* **THE DATA**:
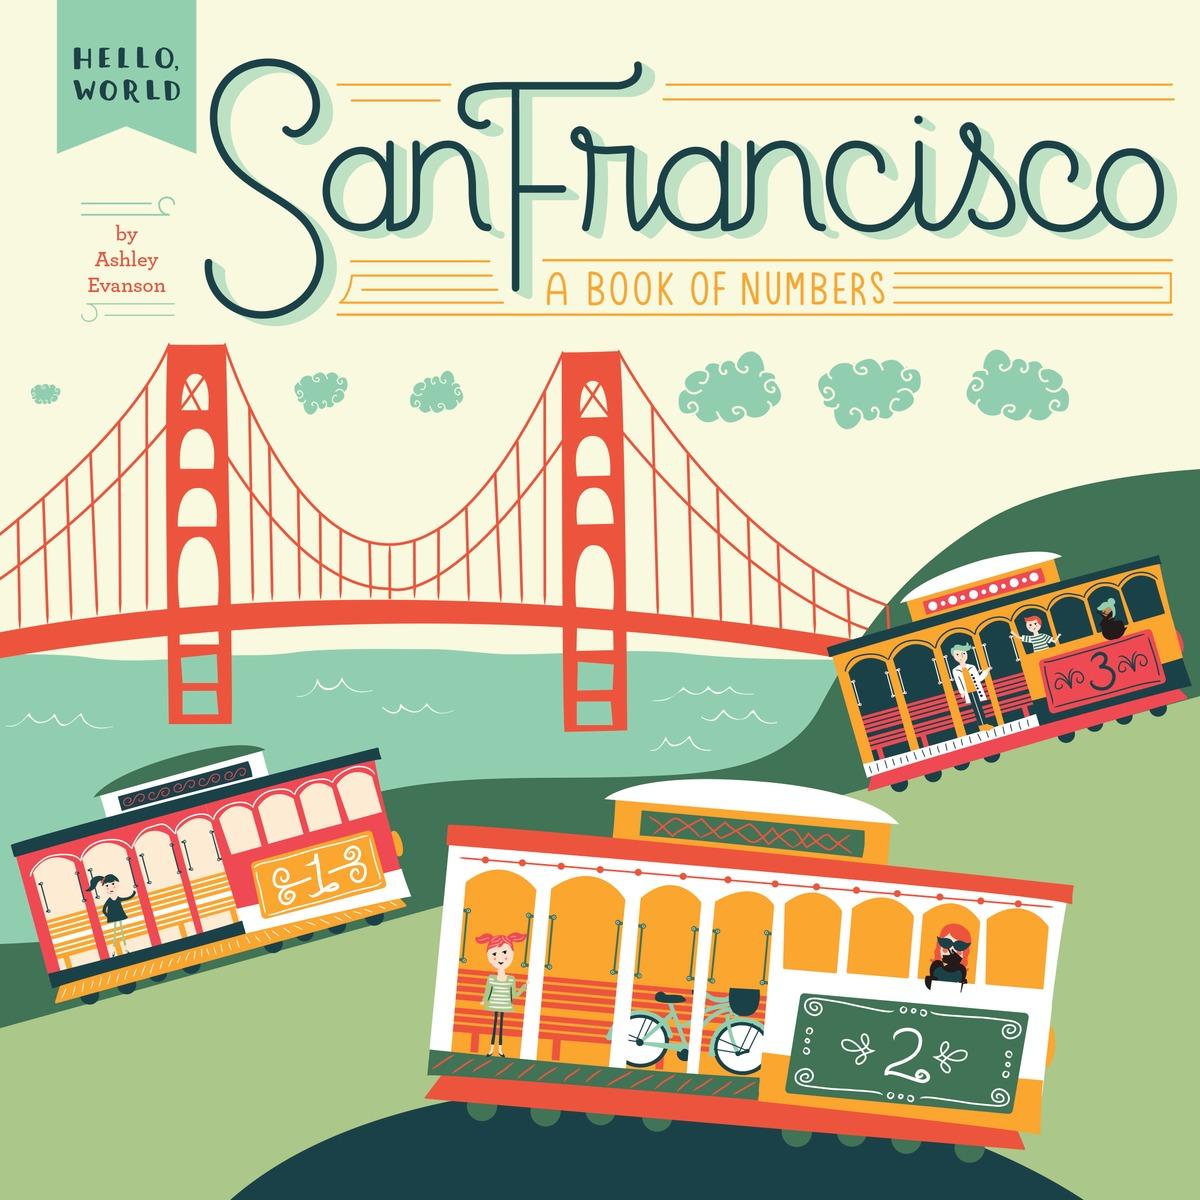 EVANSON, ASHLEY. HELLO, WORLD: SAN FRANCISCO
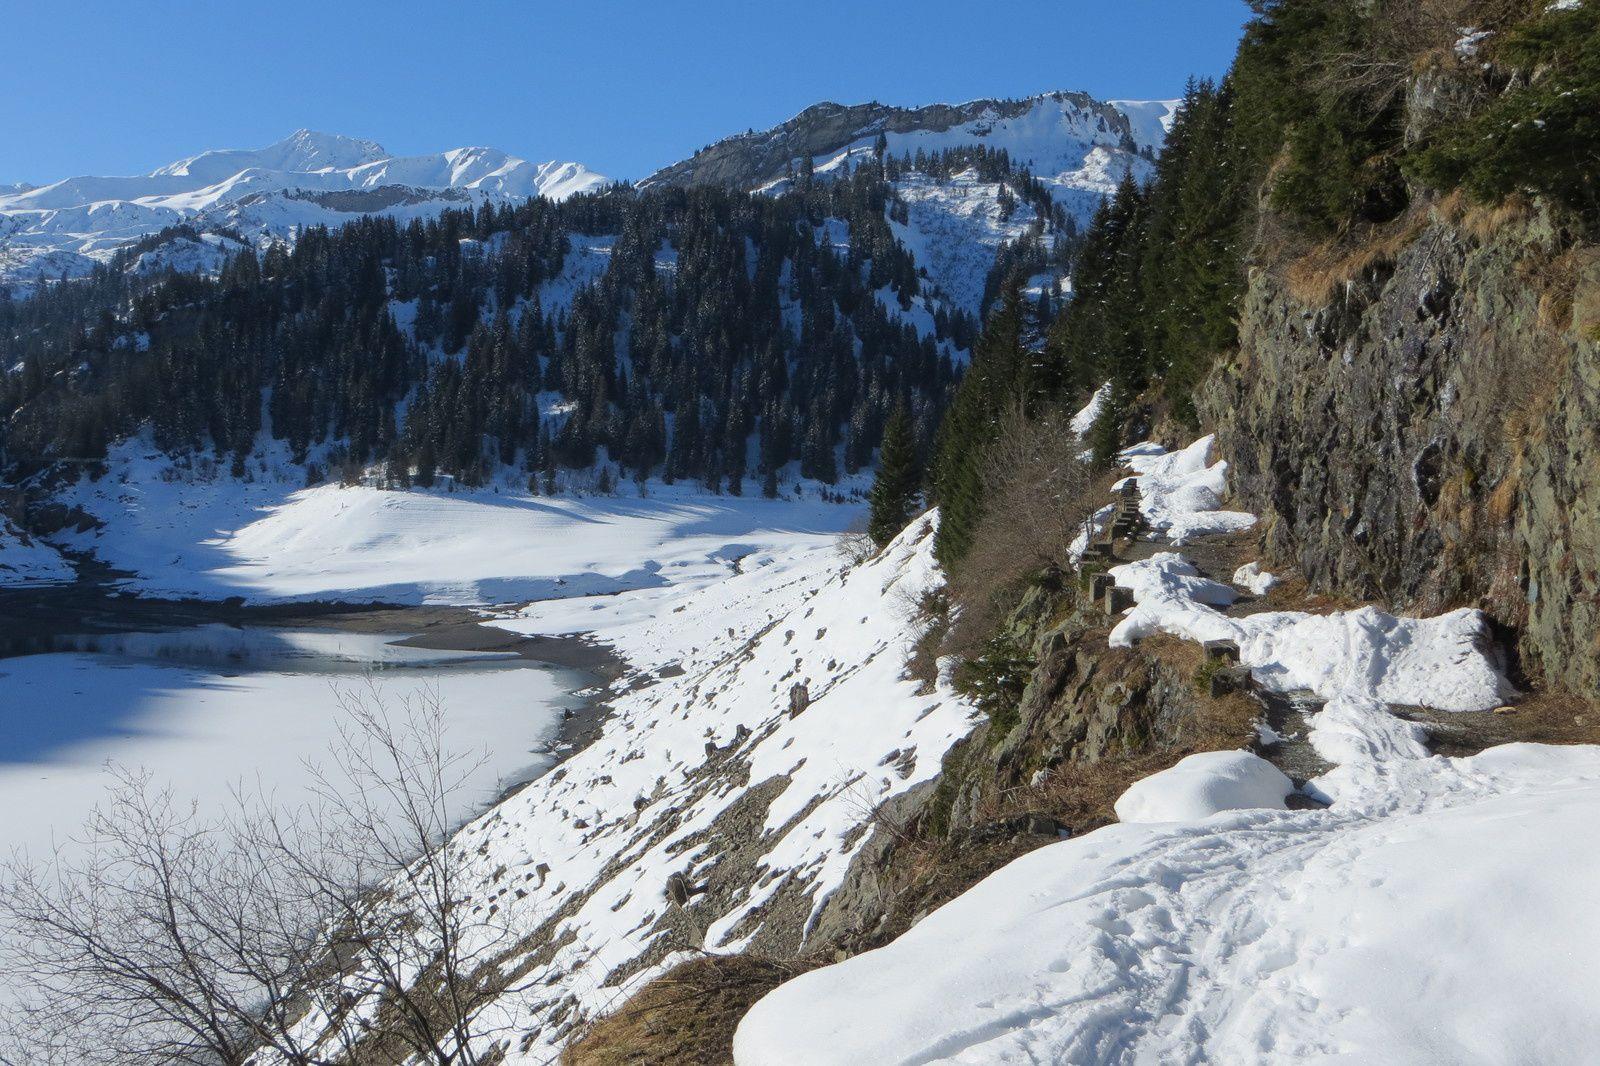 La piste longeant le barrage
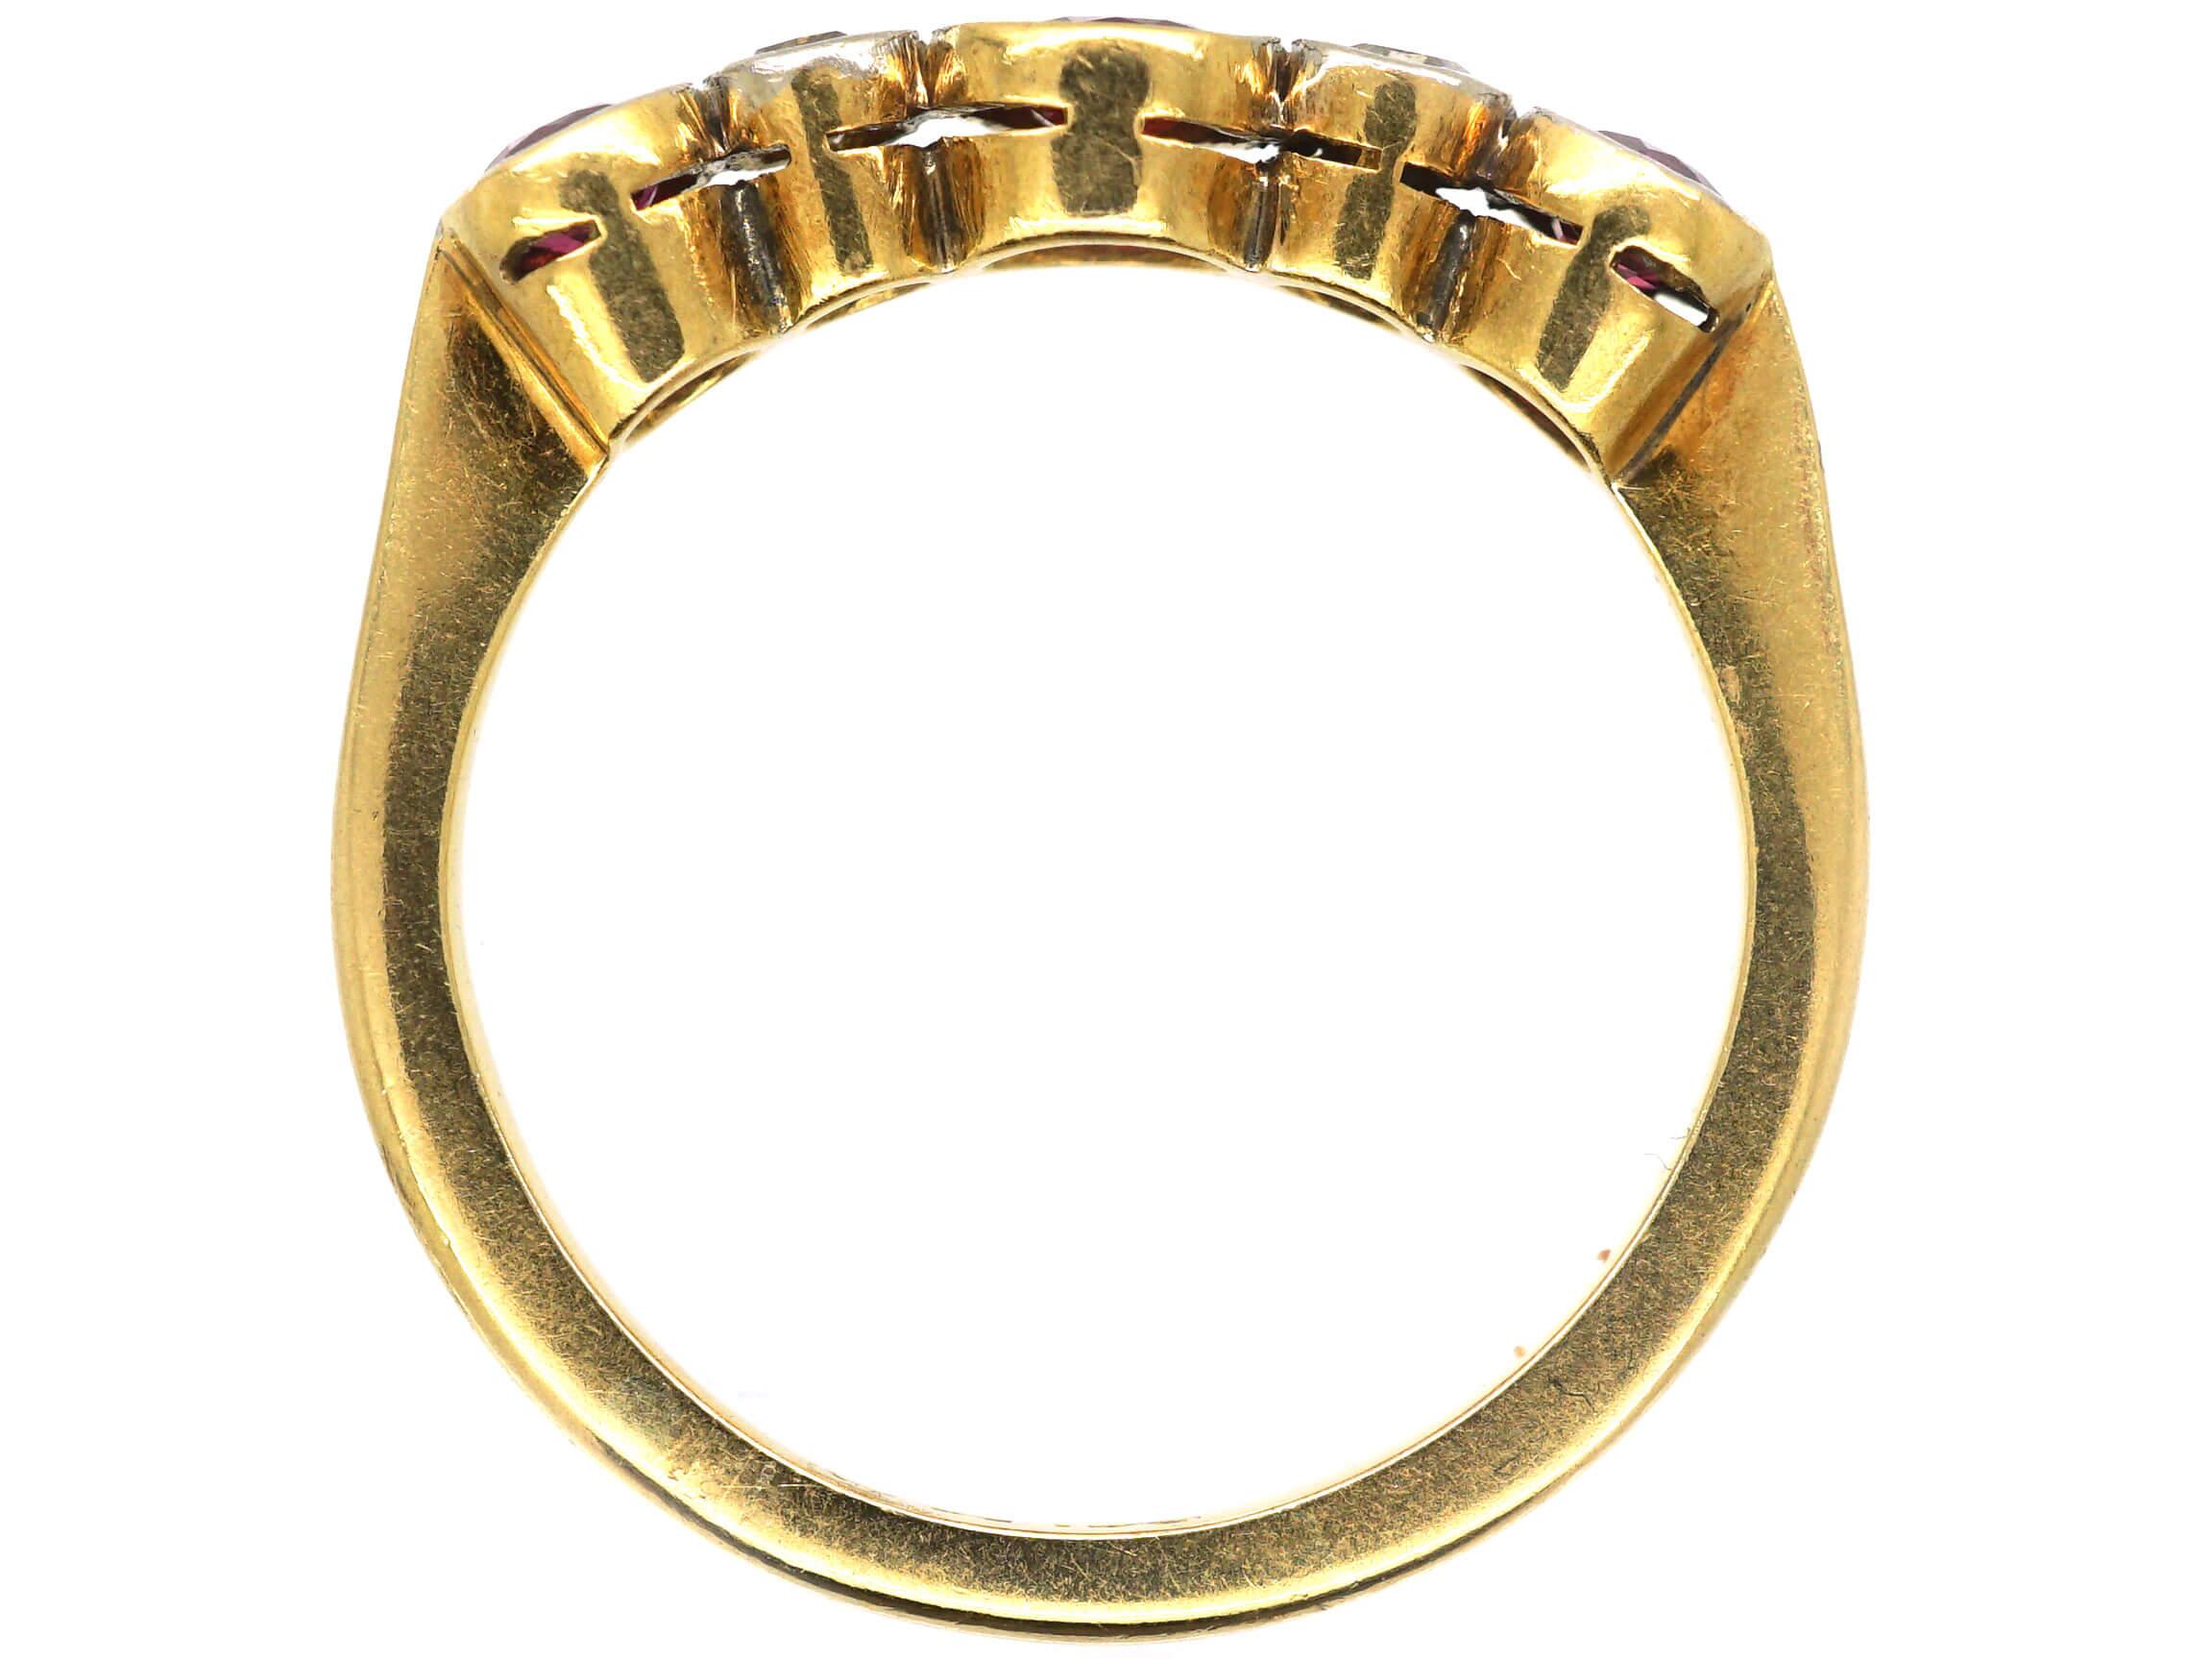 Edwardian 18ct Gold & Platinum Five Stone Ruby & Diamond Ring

* **WHAT TO WORK ON**: Could you restate the material word for word, omitting the pictures?

* **SOLUTION TO THE EXERCISE**:
 EVANSON, ASHLEY. HELLO, WORLD: SAN FRANCISCO
 La piste longeant le barrage
 Edwardian 18ct Gold & Platinum Five Stone Ruby & Diamond Ring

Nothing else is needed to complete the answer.